En ce qui concerne l’agentique, l’adoption en est encore à ses prémices. L’ambition est de « bientôt commencer à l’utiliser », notamment en tirant profit de l’IA embarquée dans le logiciel de gestion du cycle de vie des contrats déployé dans l’entreprise.

« Il s’agit essentiellement d’outils qui vous permettent de redéfinir les contrats en utilisant vos propres règles internes et de prendre des décisions par vous-même. Nous sommes donc en train de le tester », précise Marina Stavrinides.

Pour elle, les tâches à faible valeur ajoutée et répétitives sont les premières ciblées sur ces usages. L’examen d’accords de non-divulgation figure parmi les tâches candidates.

« En utilisant ces outils, vous pouvez optimiser une opération qui prend beaucoup de temps et qui a peu de valeur. Et nous pouvons l’utiliser avec succès. C’est l’un des cas d’utilisation que nous testons actuellement. »

Un avocat associé à l’IA dans 10 ans

Mais Romain Lerallut, vice-président et directeur du Criteo AI Lab, avertit cependant que l’IA dans le juridique est une matière très sensible.

L’expert est un observateur avisé. L’IA (non agentique) est très présente dans le quotidien des équipes de l’adtech Criteo. Elle sert aussi bien à l’analyse de documents juridiques et réglementaires, qu’à la synthèse de réunions ou à générer du code.

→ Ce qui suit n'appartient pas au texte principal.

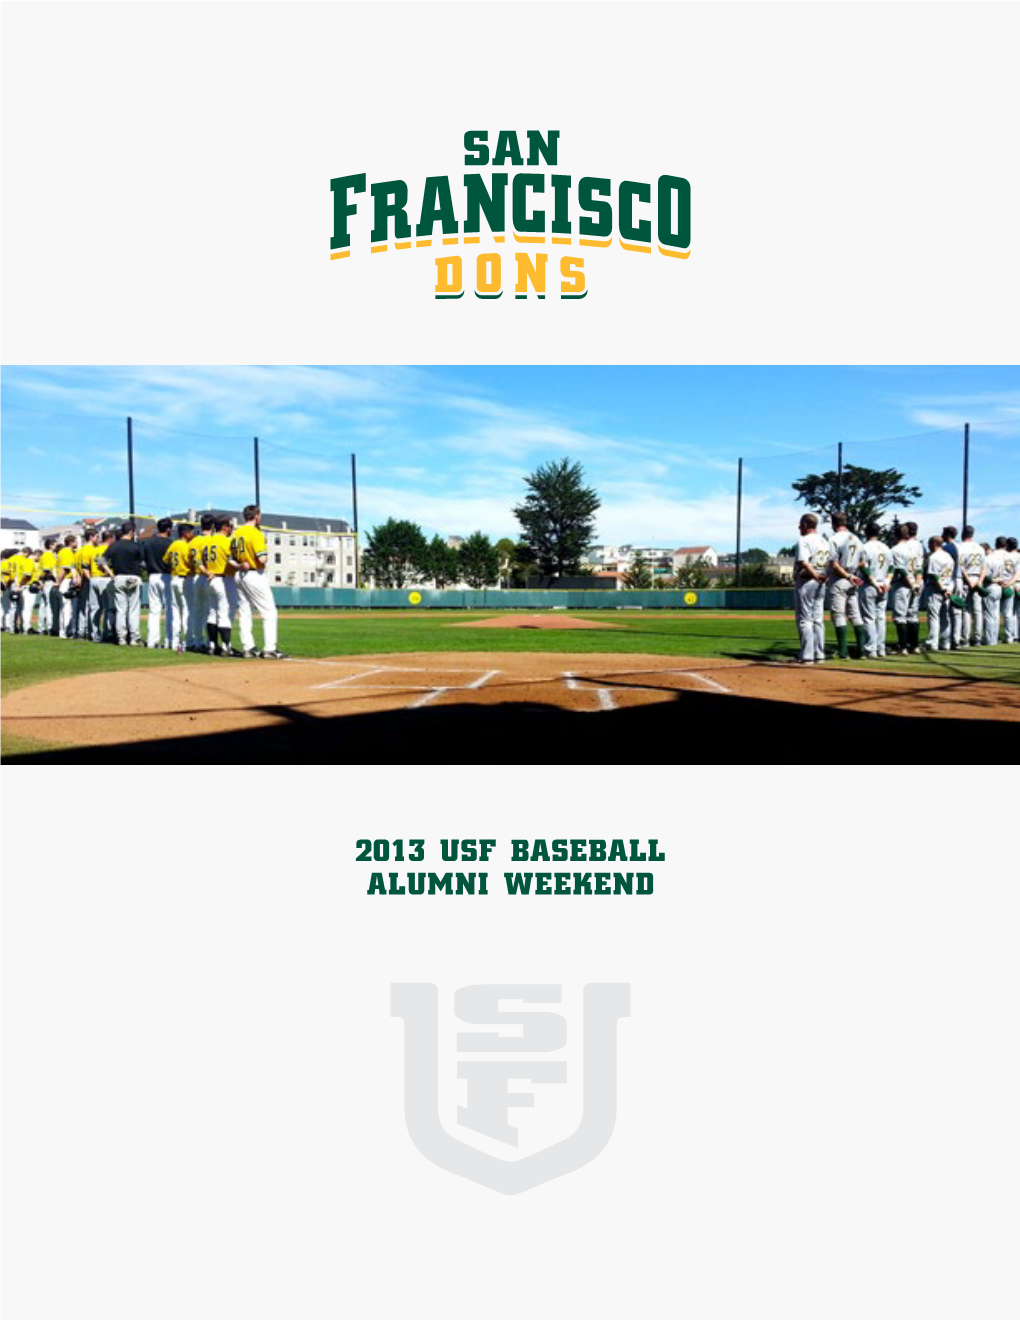 2013 USF BASEBALL ALUMNI WEEKEND 2011, and Having Attended 3 NCAA Regionals in His Tenure, Coach Giarratano and His Program Are Not Content with These Distinctions

Pour ses opérations, Criteo est en outre un utilisateur avancé de l’intelligence artificielle. L’automatisation est essentielle dans son activité en raison des volumes colossaux de publicités à diffuser sur Internet. « Nous touchons quotidiennement près d’un milliard de personnes », chiffre-t-il. Et surtout, les usages de l’IA dans ce domaine sont facilités par un faible niveau de risque, au contraire de métiers plus sensibles comme le droit.

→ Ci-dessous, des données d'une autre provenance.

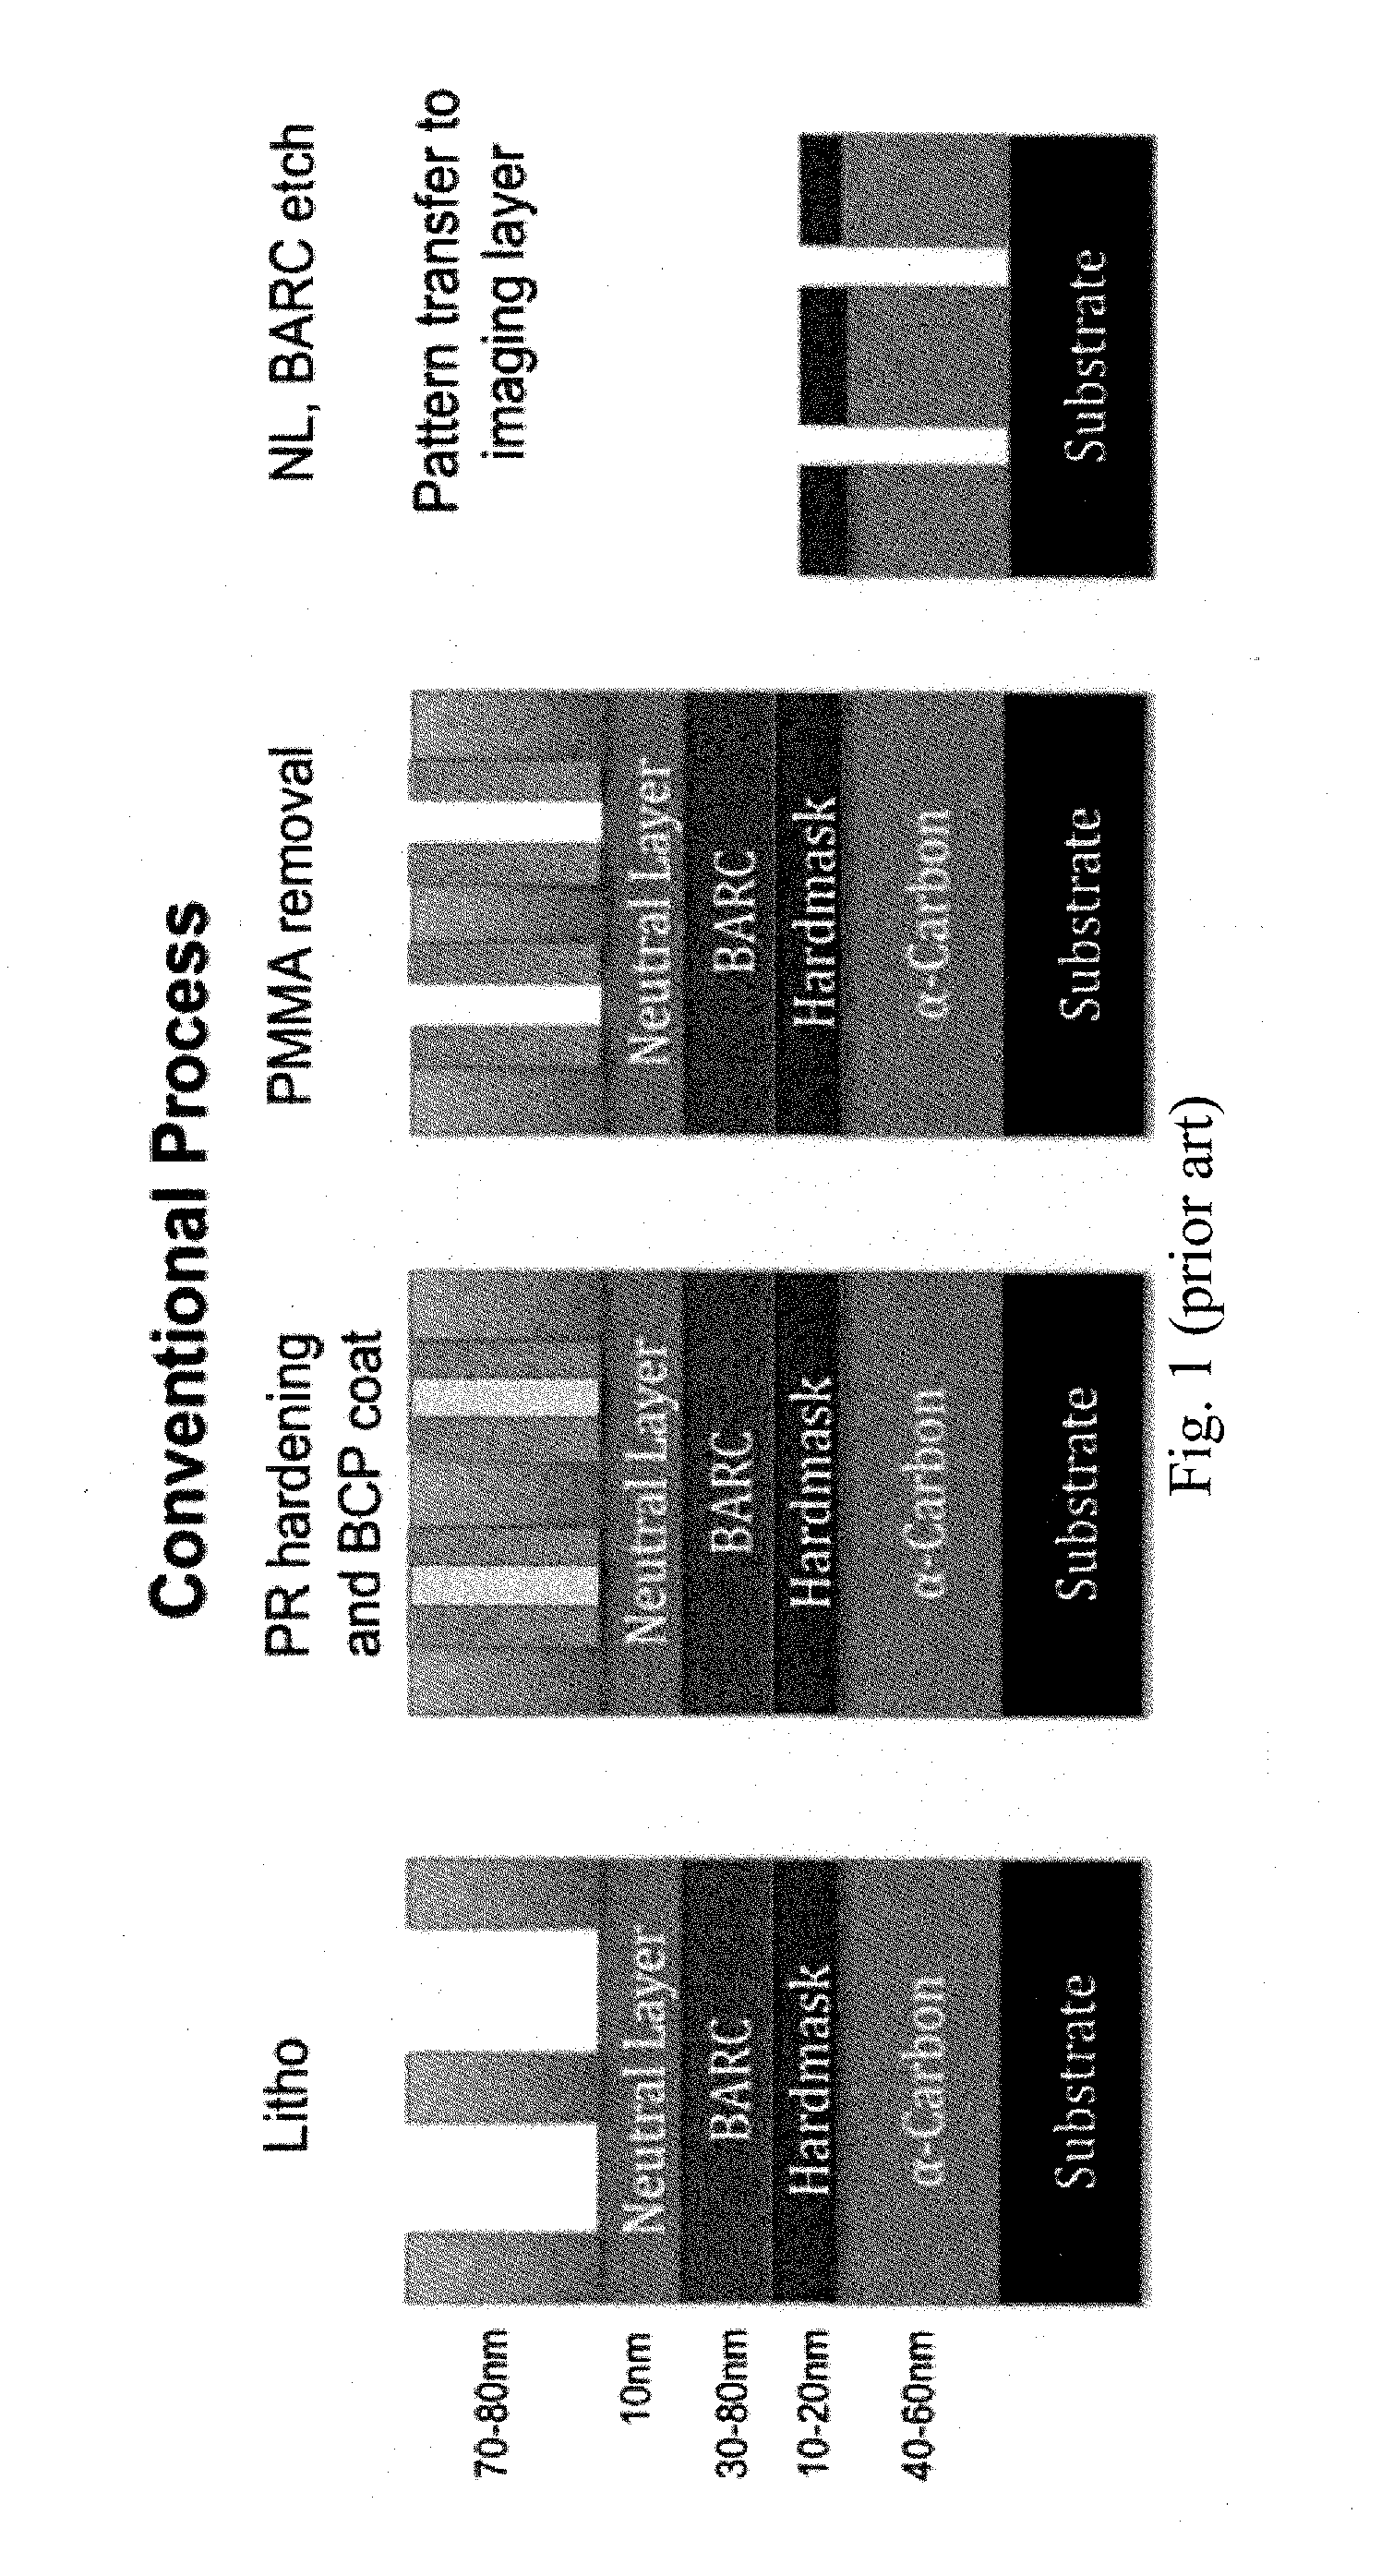 Silicon hardmask layer for directed self-assembly

« Il y a peu de risques… Je veux dire par là que si je vous recommande une paire de chaussures et que vous vouliez en fait une chemise ou un yaourt, ce n’est pas grave. Cela ne met pas votre vie en danger », illustre Romain Lerallut. Si un risque existe, c’est celui de perdre « un peu d’argent si notre système prend de mauvaises décisions, mais ce n’est pas un risque énorme au sens juridique du terme », considère-t-il. « Et si nous mettons quelque chose en production, nous savons en quelques secondes si cela va fonctionner ou non. Nous pouvons le faire très rapidement, avec un risque très faible. »

Il en va tout autrement dans le juridique où, pour limiter les risques, la supervision humaine reste indispensable. D’ailleurs, pour Jean-Rémi de Maistre de Jus Mundi, d’ici 10 ans, le métier d’avocat n’aura certainement pas été supplanté par la machine. « Il ne s’agira plus d’un avocat, ou d’une machine, mais d’une collaboration entre les deux », assure-t-il.